Task to carry out » Where the string "argent" appears in a line of the data, show that line.

BEGIN Task inputs

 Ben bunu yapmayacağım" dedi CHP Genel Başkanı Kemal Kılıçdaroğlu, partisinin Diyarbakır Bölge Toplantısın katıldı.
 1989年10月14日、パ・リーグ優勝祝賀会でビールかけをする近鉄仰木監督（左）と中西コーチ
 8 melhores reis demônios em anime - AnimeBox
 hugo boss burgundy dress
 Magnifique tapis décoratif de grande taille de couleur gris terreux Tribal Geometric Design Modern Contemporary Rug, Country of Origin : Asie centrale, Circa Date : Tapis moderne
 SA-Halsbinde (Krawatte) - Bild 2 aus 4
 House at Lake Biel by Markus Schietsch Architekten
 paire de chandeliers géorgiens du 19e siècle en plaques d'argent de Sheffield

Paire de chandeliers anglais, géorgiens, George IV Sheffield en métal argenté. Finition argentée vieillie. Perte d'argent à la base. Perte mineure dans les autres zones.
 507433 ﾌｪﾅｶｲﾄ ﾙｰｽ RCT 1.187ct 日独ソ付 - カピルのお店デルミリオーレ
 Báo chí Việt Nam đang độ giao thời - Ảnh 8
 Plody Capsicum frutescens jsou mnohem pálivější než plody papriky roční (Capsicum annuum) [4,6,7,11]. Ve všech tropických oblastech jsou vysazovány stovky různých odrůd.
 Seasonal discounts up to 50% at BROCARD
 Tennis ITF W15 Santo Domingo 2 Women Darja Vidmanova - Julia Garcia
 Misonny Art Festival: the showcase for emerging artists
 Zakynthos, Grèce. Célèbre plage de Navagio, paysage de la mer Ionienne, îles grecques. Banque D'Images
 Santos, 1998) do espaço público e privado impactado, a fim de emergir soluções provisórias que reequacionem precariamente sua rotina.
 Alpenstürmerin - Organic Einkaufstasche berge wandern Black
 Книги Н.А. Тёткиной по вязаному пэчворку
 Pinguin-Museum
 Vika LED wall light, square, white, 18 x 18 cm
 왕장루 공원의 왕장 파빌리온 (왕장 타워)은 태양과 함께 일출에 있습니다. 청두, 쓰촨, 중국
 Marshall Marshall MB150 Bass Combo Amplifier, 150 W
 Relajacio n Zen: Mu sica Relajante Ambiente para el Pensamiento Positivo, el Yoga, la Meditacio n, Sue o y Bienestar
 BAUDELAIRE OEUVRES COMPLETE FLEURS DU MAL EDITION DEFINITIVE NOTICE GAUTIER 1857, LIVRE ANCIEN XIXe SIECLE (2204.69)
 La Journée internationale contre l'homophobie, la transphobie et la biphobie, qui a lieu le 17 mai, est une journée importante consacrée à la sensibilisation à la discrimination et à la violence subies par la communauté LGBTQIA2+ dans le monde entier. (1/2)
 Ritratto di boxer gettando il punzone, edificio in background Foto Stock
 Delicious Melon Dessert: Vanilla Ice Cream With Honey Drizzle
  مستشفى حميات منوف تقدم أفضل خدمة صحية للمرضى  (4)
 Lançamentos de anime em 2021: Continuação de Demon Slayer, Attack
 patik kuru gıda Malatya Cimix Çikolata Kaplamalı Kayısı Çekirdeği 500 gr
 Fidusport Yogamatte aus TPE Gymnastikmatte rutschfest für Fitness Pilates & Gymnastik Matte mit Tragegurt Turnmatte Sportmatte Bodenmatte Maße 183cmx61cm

END Task inputs

Result of this exercise »
 paire de chandeliers géorgiens du 19e siècle en plaques d'argent de Sheffield
Paire de chandeliers anglais, géorgiens, George IV Sheffield en métal argenté. Finition argentée vieillie. Perte d'argent à la base. Perte mineure dans les autres zones.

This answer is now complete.